Sophomore year. State playoff. Pre-match prediction sites had Munford as heavy underdogs against Crockett County, something in the range of 90-10 odds.
“As the game went on, we quickly made it go to 50-50,” he said. “And in the PKs, that’s when we started going forward — because we knew if we held them to PKs, we could win.”
Crockett County missed its first two penalty kicks. When teammate Baker Bogaard converted on the fourth attempt, Munford was going to state for the first time in school history.
“I always think about that day like it was yesterday,” Branden said. “We beat a team that should have killed us.”
One step at a time
Dyersburg State is a stop on the map, not the destination. Branden is plain about that.
“I’ve gotten to that part, but I’ve got so much more to do,” he said. “I’ve still got to get through this college, then I’m going to go to another university, and hopefully play for them too, and then take a step to pro.”
He said his father, Atoka Fire Chief Bill Scott, has been both a consistent supporter and a tough critic, the kind of parent who does not let a dream settle into comfortable talk. There were times when Branden wasn’t sure he was good enough.
“I was doubting myself a lot because I didn’t think I was good enough,” he said. “I’ve been hard on myself so I don’t make him think that I’m not ready for this.”

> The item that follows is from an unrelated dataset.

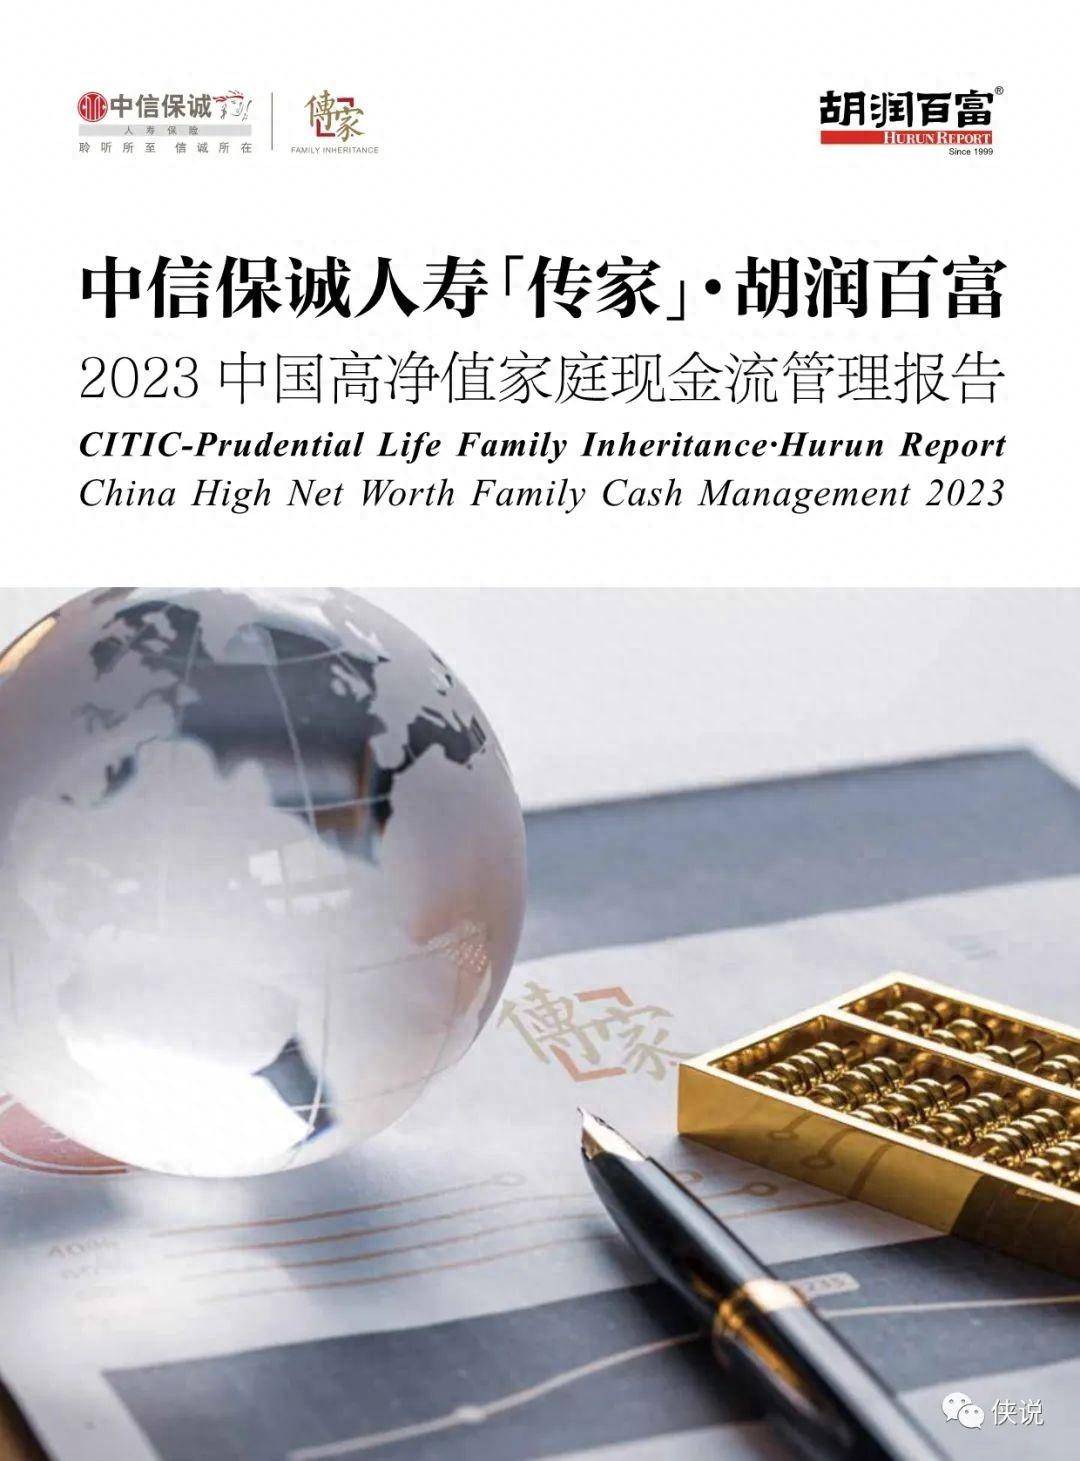 2023中国高净值家庭现金流管理报告：千万净资产家庭达211万户 
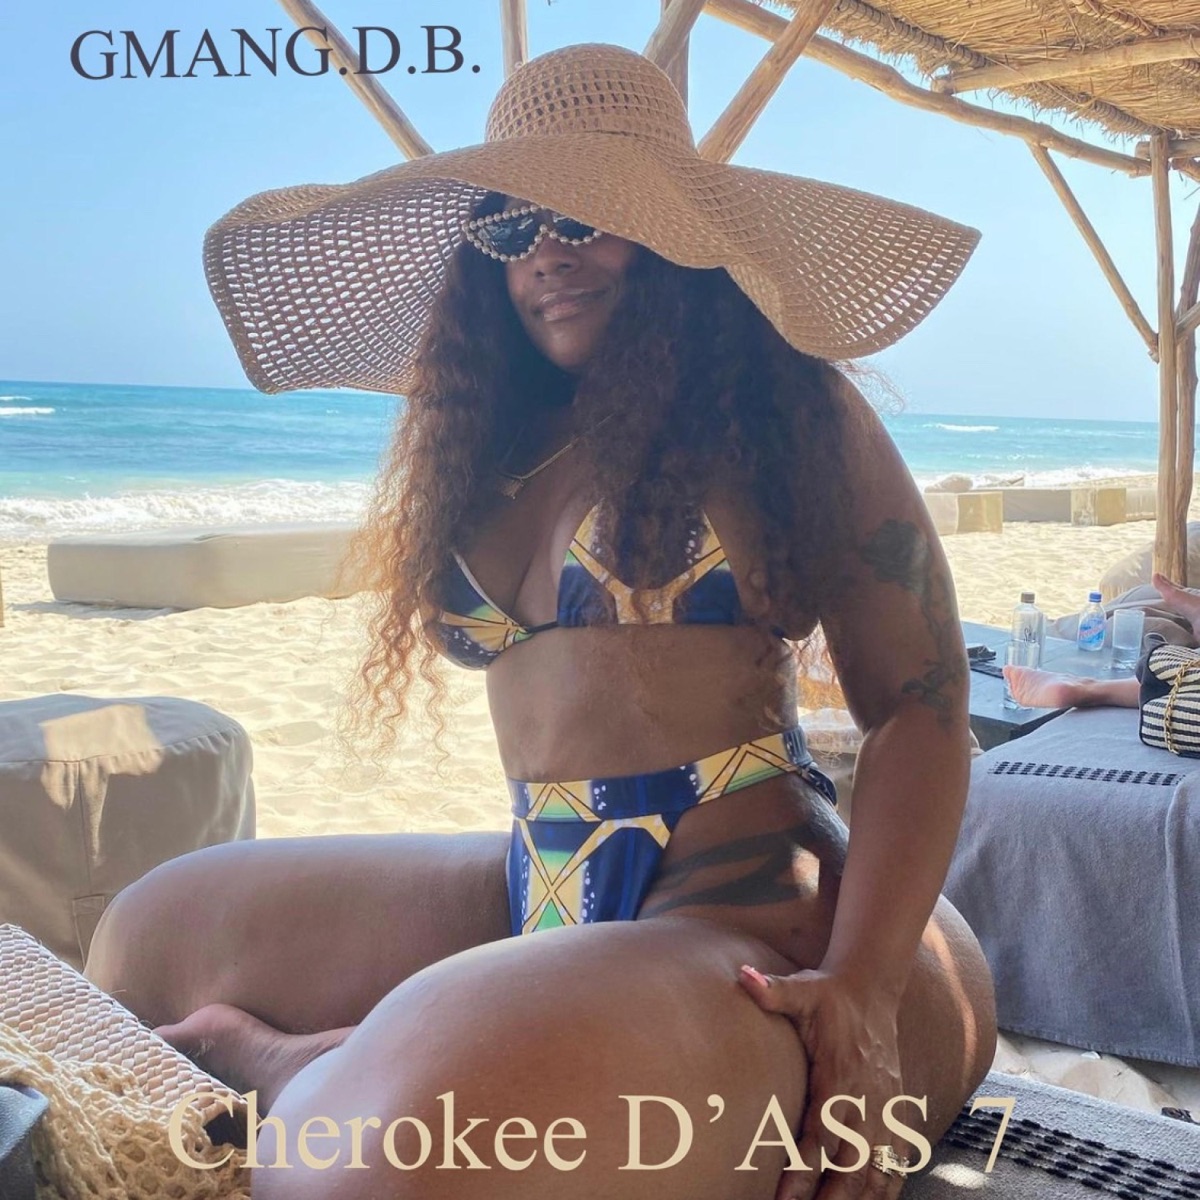 ‎Cherokee D'ASS 7 - Album by Gmang.D.B. - Apple Music

His father’s response was not gentle.
“He’s told me, ‘If you’re not good enough, quit. But if that’s the thought you’re gonna have, then why should I help you?'” Branden said. “I took that to heart.”
There were stretches where the work felt like too much – schoolwork piling up, the body running low – and he thought about walking away. He chose not to.
“You just never make a decision when you’re upset,” he said, “because you will regret it later in life.”
He has spent time over the years with younger players coming up behind him, and he does not offer them easy reassurance.
“Life is going to give you some hard challenges, and it’s going to knock you down repeatedly,” he said. “But if you want this, if you feel like you deserve it — you better prove to everybody why. And if you want it so bad, you’ll get back up no matter what.”
Jines said he has been telling Branden’s story to players who just got cut since before Branden ever put on a Munford jersey. He plans to keep telling it.
“A lot of kids don’t do that,” Jines said.
As the stage cleared, Jines leaned in with one last thought for Branden: Nothing was given, it was earned.